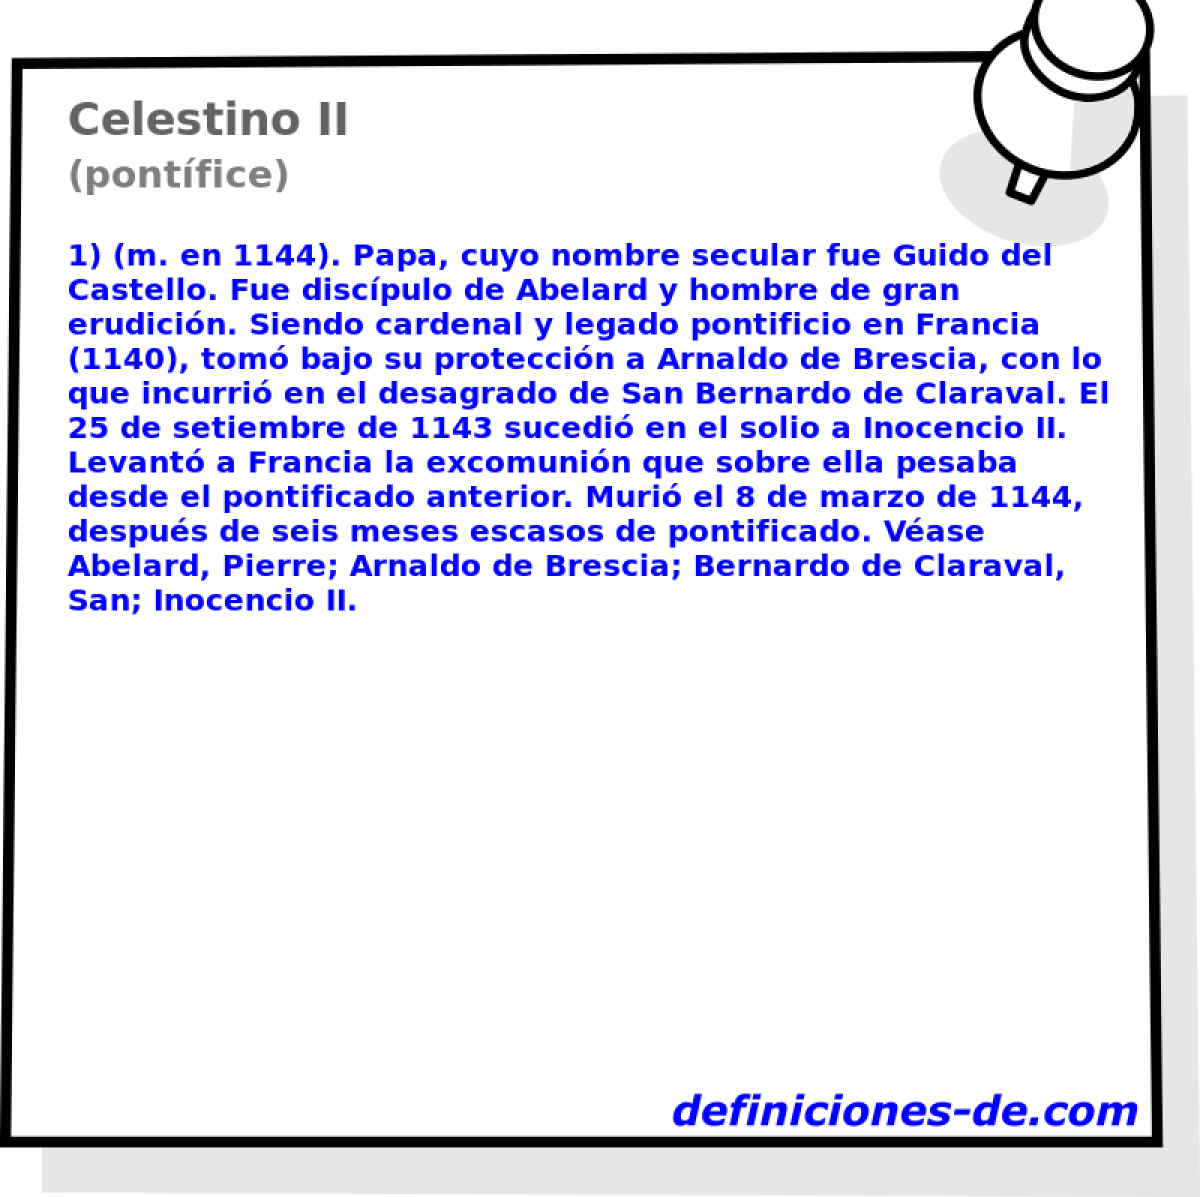 Celestino II (pontfice)
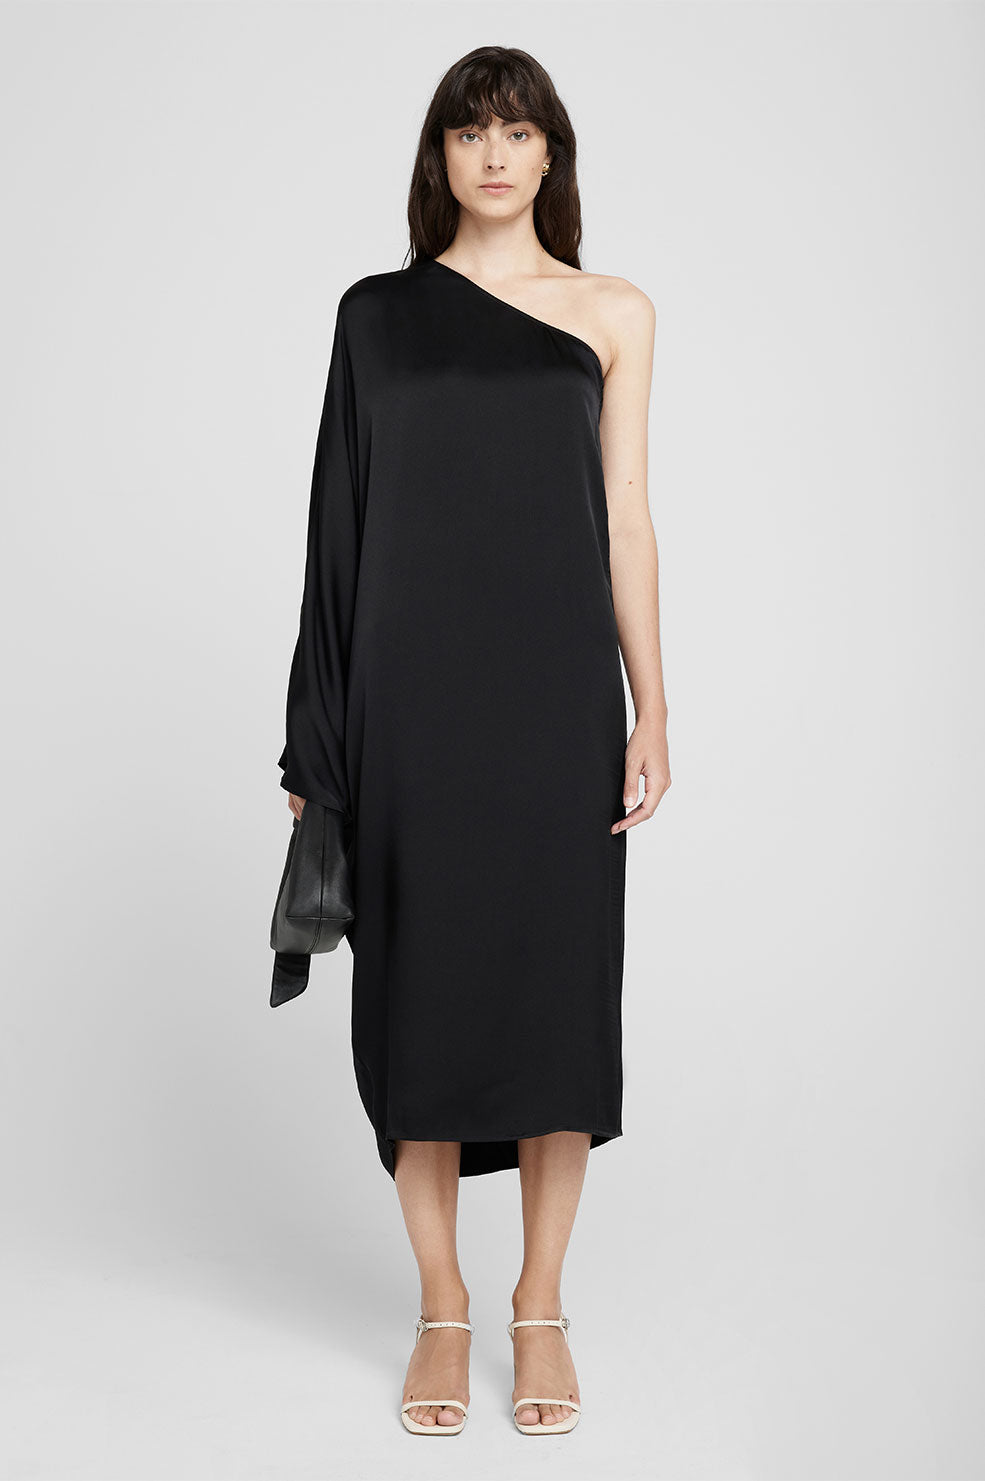 ANINE BING Rowan Dress - Black - On Model Front
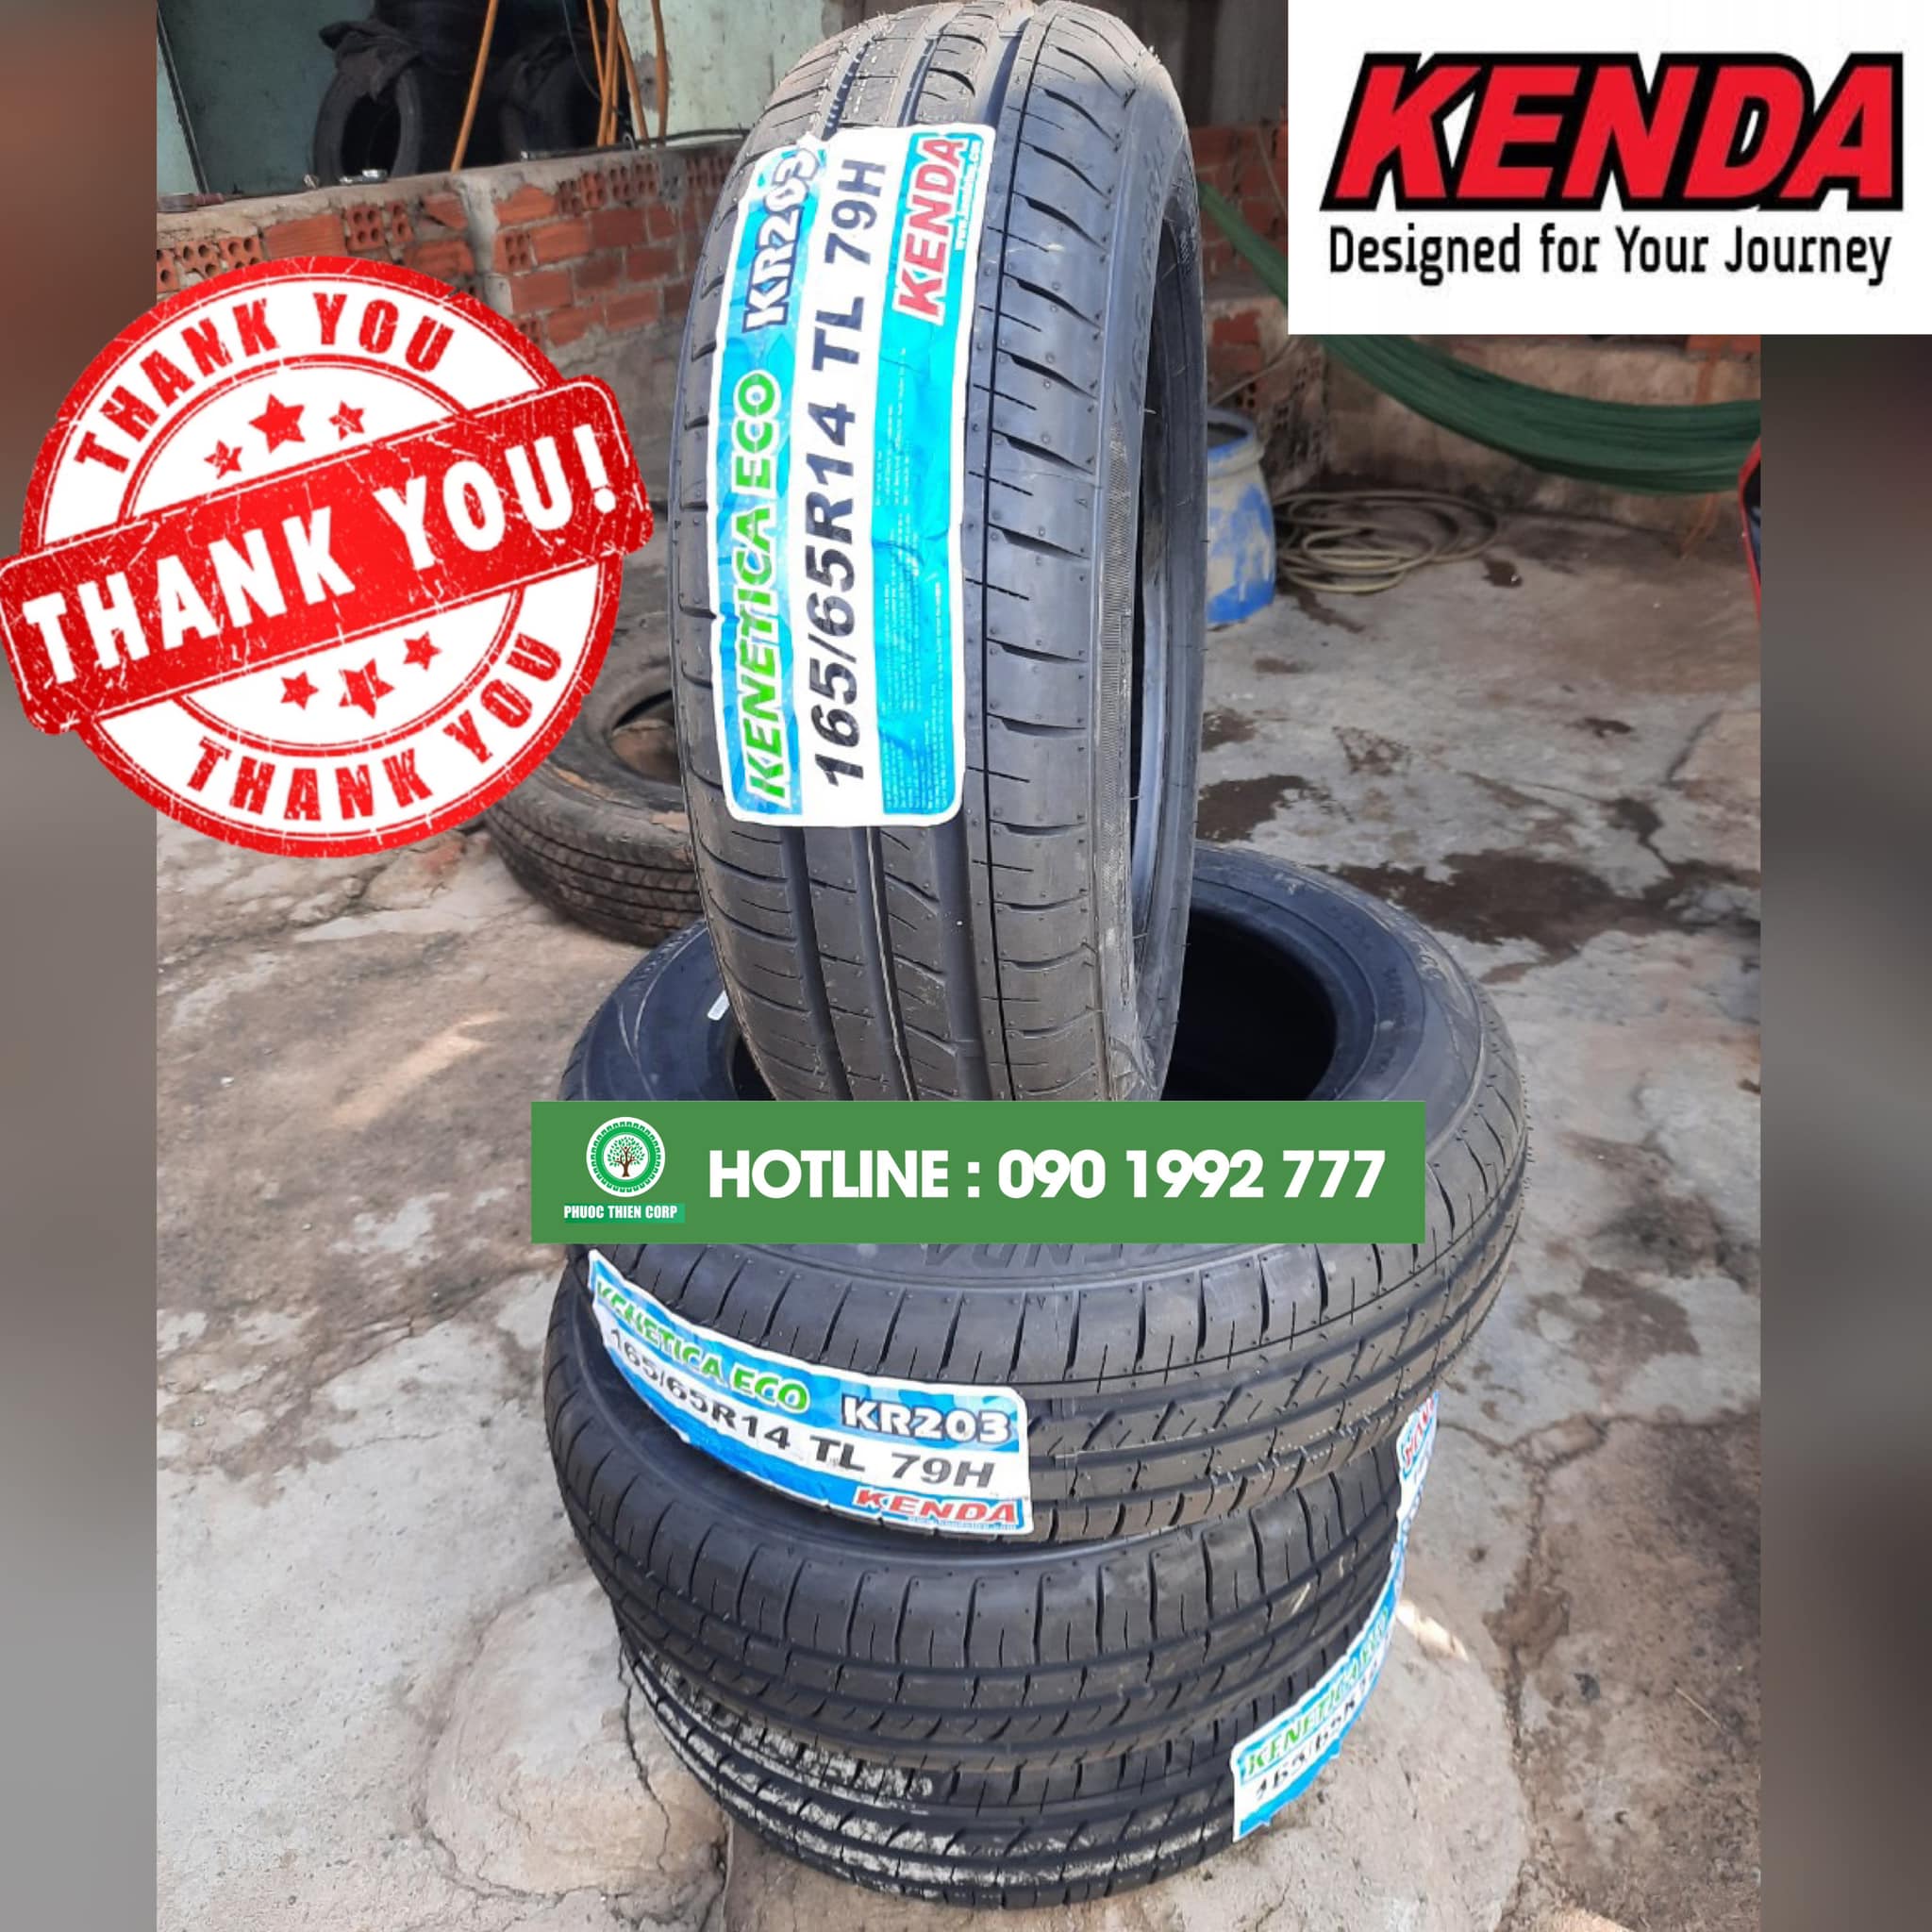 Gợi ý : Thay lốp KENDA (Hàng xuất khẩu) cho xe Hyundai Getz.
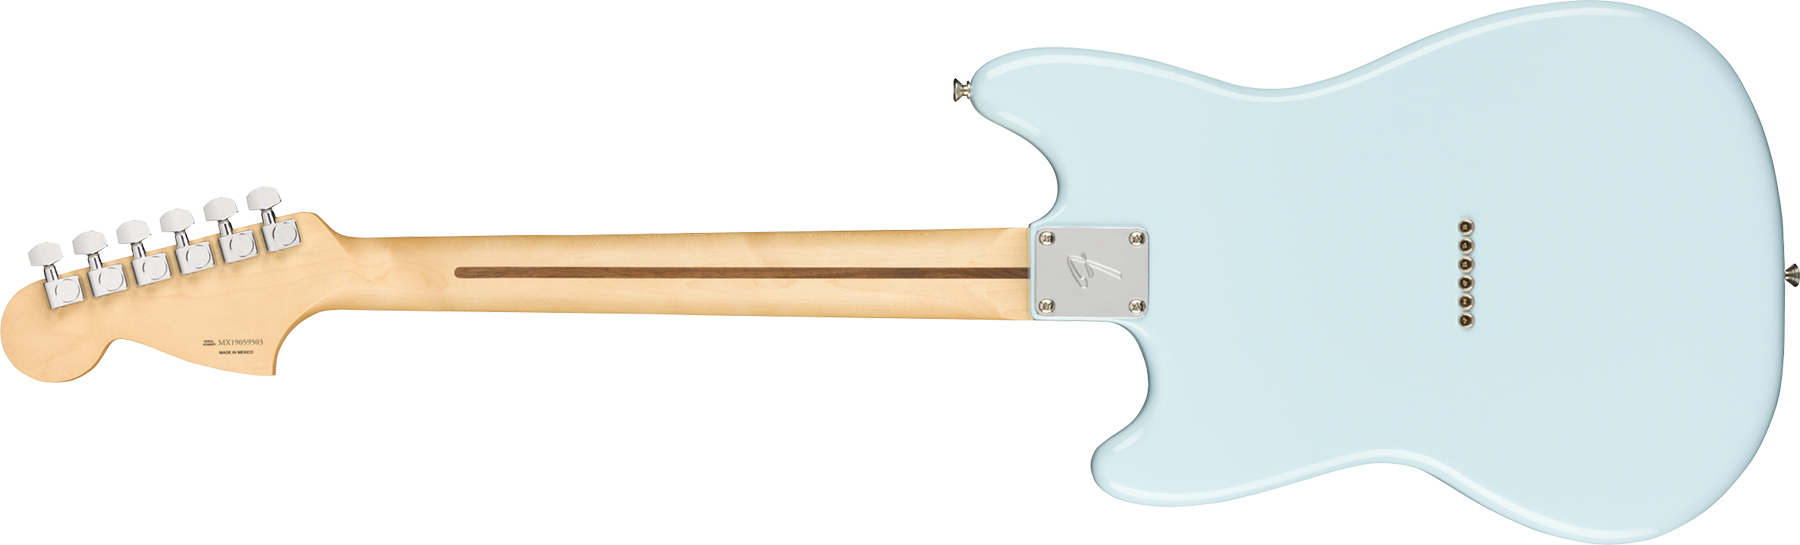 Fender Mustang Player Mex Ht Ss Mn - Surf Blue - Retro-rock elektrische gitaar - Variation 1

- What needs to be done -
Line by line, write out the data above exactly, without the pictures.

- Result for this exercise -
 Celestino II (pontfice)
 ANINE BING Rowan Dress - Black - On Model Front
 Gợi ý : Thay lốp KENDA (Hàng xuất khẩu) cho xe Hyundai Getz.
 Fender Mustang Player Mex Ht Ss Mn - Surf Blue - Retro-rock elektrische gitaar - Variation 1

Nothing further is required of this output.